See also In re James H., 405 Ill.App.3d 897, 902–03, 943 N.E .2d 743, 748–49 (2010). Plaintiff argues the collateral consequences exception applies in this case because it “will be plagued by a finding by IDOT that it lacked business integrity and honesty, even if the two-year suspension imposed by the CPO in its July 2012 final determination has expired.” According to plaintiff:
“While Chester Bross is not restricted from bidding on contracts with IDOT or other entities in the future, IDOT cannot seriously argue that a suspension on this basis will have no impact on Chester Bross'[s] ability to procure a contract. IDOT boasts of its broad discretion to reject even the lowest bid, a discretion that is ‘not cabined by objective standards so as to permit judicial scrutiny, absent allegations that the decision was the result of fraud, corruption, or illegal action.’ [Citation.] Under the circumstances, a threat of actual injury traceable to IDOT can be presumed.”

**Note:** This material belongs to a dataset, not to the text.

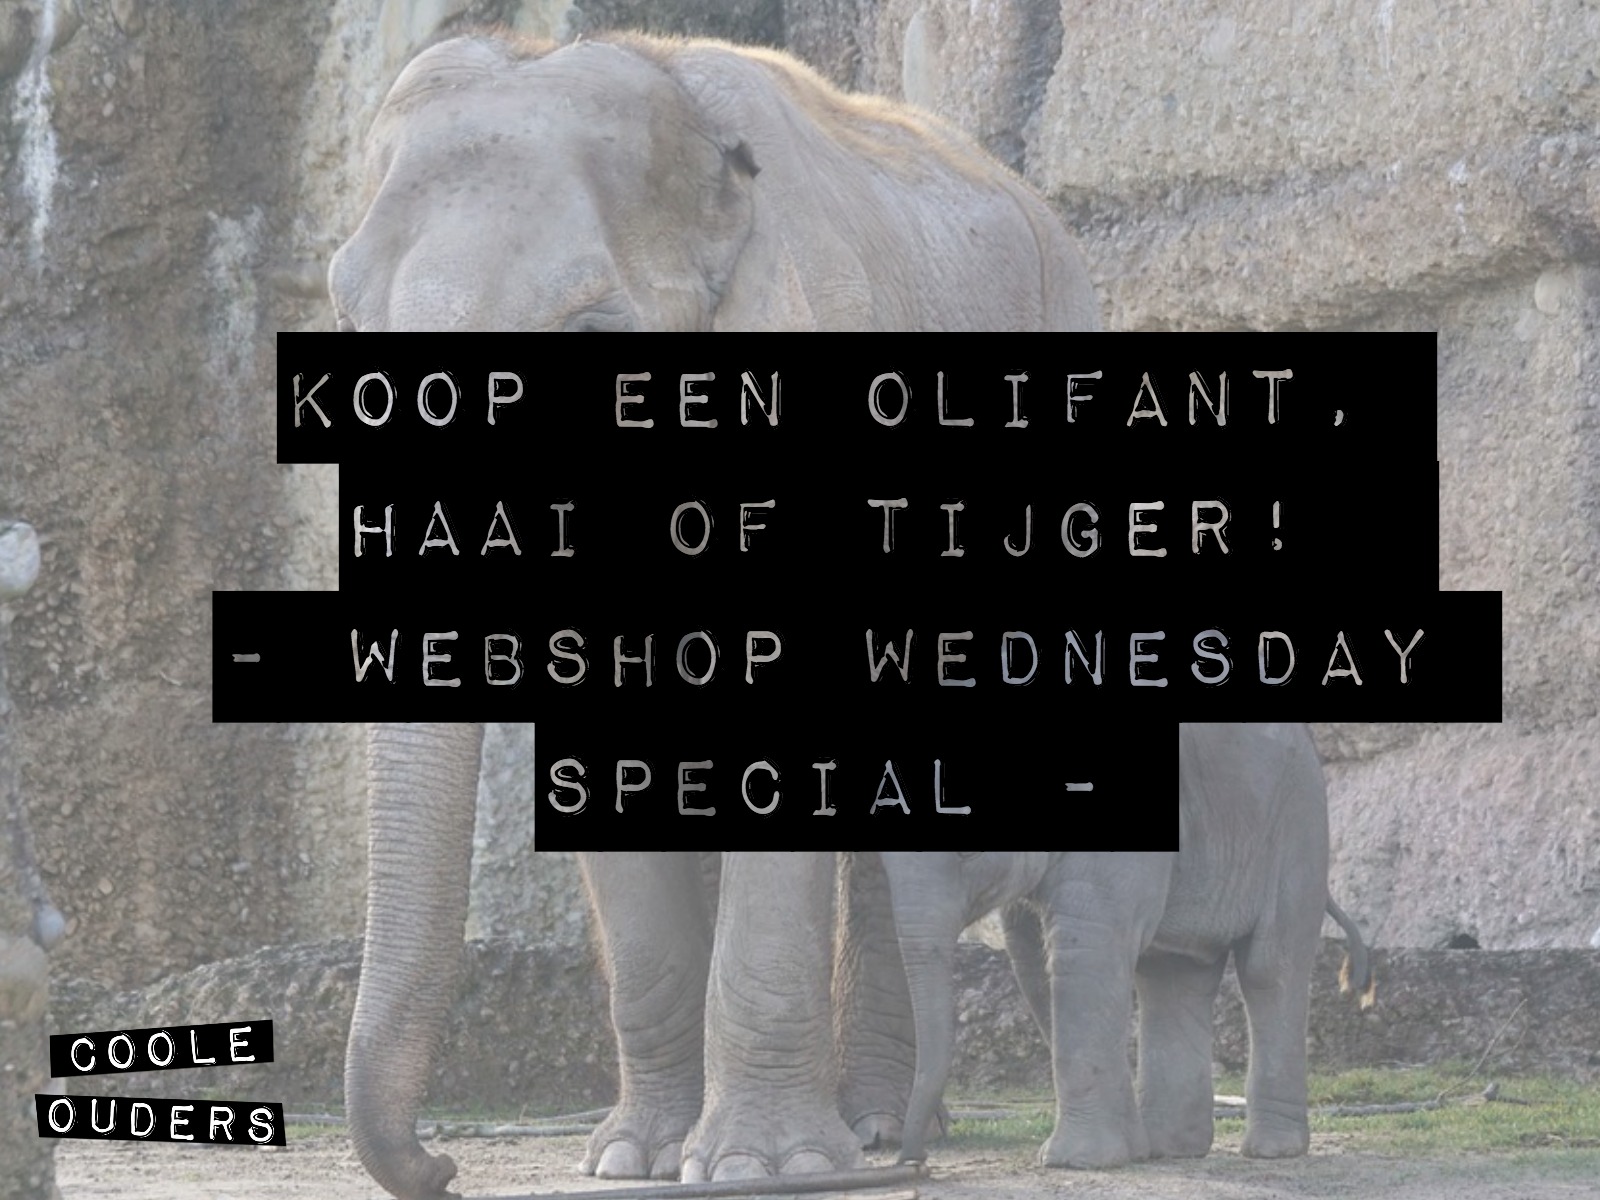 Koop een olifant, tijger of haai! – Webshop Wednesday Special

¶ 29 We disagree with this unsupported assertion. As defendants have stated, plaintiff has not demonstrated any specific or concrete legal impact likely to result from the suspension. As a result, we find this case does not fall within the collateral-consequences exception to the mootness doctrine. Any company ever suspended by IDOT, as well as anyone else ever subject to an adverse ruling by a court or administrative body, could make this same argument. If we allowed a moot appeal to go forward under the collateral-consequences exception in cases such as this, the exception would nearly eliminate the mootness doctrine.
¶ 30 III. CONCLUSION
¶ 31 We find the trial court had the authority to review the administrative decision to suspend plaintiff from bidding on IDOT projects for two years. However, the period of suspension has expired, the case is moot, and no exception to the mootness doctrine applies. Consequently, we dismiss the appeal as moot.
¶ 32 Appeal dismissed.
Justice POPE delivered the judgment of the court, with opinion:
Presiding Justice APPLETON and Justice KNECHT concurred in the judgment and opinion.